Si c’est pour créer un style, une forme de narration, un coup de théâtre, soit. Mais maintenu pour une majorité du match, cela perd sa puissance. C’est plate et répétitif et donne un même style à toutes les impros. Briser le 4e mur devrait être une surprise, une petite traite, pas une constance. Et c’est pire quand un seul joueur le fait, refusant de regarder (et possiblement d’écouter) les joueurs autour de lui, se concentrant sur sa relation avec le public. Des personnages vivent vraiment le moment, et là il y a un joueur en train de regarder au-delà du 4e mur, s’adressant au vide, ruinant ce que les autres joueurs essaient d’accomplir – entre autres, un semblant de vraisemblance et de vérité.
Mais j’irai plus loin. Il y a quelque chose de bruyant et de chaotique quand on brise le 4e mur ENTRE les impros. Le mur est plus flexible dans ces moments, bien sûr.

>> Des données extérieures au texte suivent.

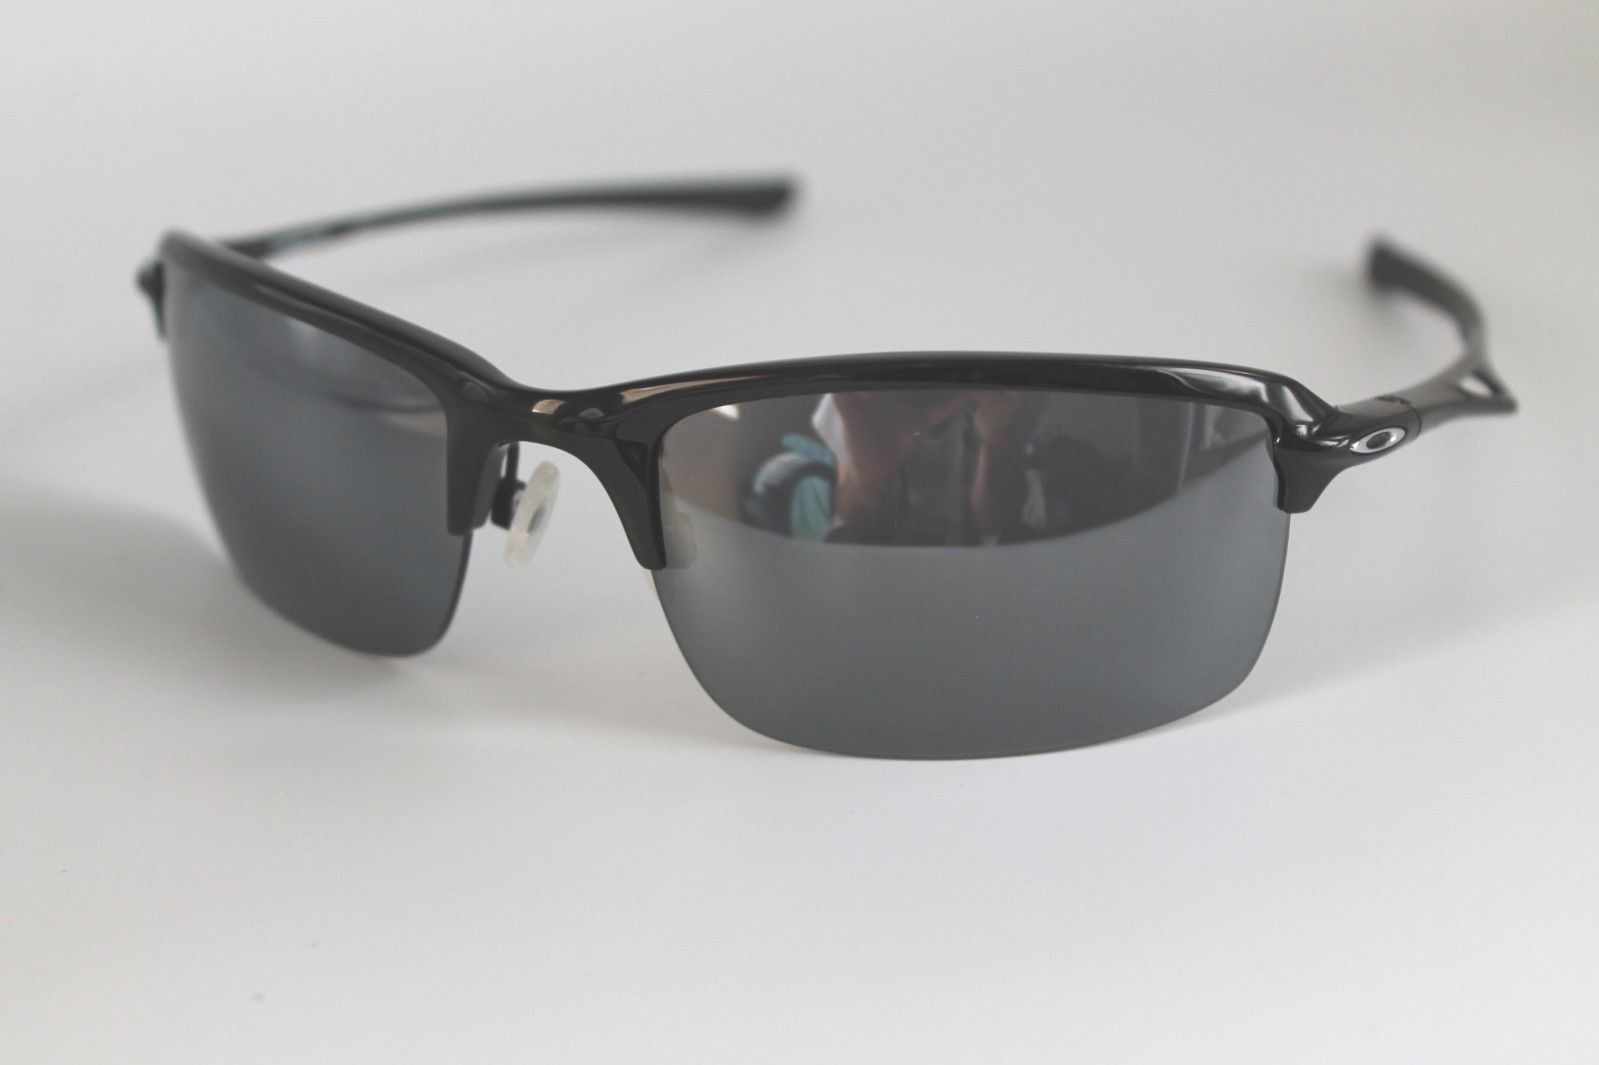 4ab9ed4d09 57. 57. Previous. Oakley Wiretap Sunglasses OO4071-01 Polished Black Frame  W  Black Iridium Lens

L’arbitre s’adresse au public, et le capitaine à la session de question peut certainement les inclure. Mais autre que ça, il faut choisir ses moments. Des bancs de joueurs qui sont toujours en train de crier des choses, soit à l’arbitre, soit au public, est un élément dérangeant et difficile à suivre. L’arbitre qui tombe dans le panneau et jase avec les entraîneurs et joueurs en dehors des moments spécifiés perd du temps et encourage encore plus de tels bris. Il y a une raison que l’impro-match est ponctué de sifflets et de musique. Ce sont des indications aux spectateurs de faire attention, d’écouter, ou bien une permission de jaser entre eux. Aussitôt qu’on interrompt se rythme pour lancer notre petite joke, pour attirer l’attention en dehors des gonds d’une impro, on crée une confusion. La moitié du public ne savait pas de faire attention et ne comprend pas trop ce qui se passe. Bientôt, on frôle le free-for-all, l’arbitre perd contrôle du match, et on n’entend que du bruit, on ne voit que des folies, il n’y a plus de différence entre les moments auxquels il faut faire attention, et ceux à travers lesquels on peut parler ou regarder notre téléphone.
Un moment dans un tournoi/une saison où quelque chose comme ça arrive, c’est mémorable. Quand ça arrive constamment, ce n’est que du bruit.

Le 4e mur est là pour une raison. Il indique qu’on regarde un SPECTACLE. Pour le public, il est une vitrine à travers laquelle il est voyeur. Aussitôt qu’on le démolit et qu’il RESTE démoli, on égalise la dynamique entre joueurs et spectateurs au détriment du spectacle. Le public se donne le droit de jaser ou de crier des choses vers la scène. On ne croit plus dans les scènes montées. On a le sentiment d’être dans le salon des joueurs pendant un party où quelqu’un joue de la guitare, mais la moitié du monde n’est pas là pour écouter un show. Ça rend la chose non-officielle, garochée.
Brisez le 4e mur à des moments bien choisis. Le public devrai ressentir un thrill quand tout à coup un joueur leur adresse la parole, ou les regarde dans les yeux. Jusque là, gardez contact avec les joueurs qui sont avec vous dans l’arène. Laissez le public croire les situations que vous improvisez. Et enfin, avec la bonne idée, au meilleur moment, bam, faites un trou dans le mur, mais un trou TEMPORAIRE!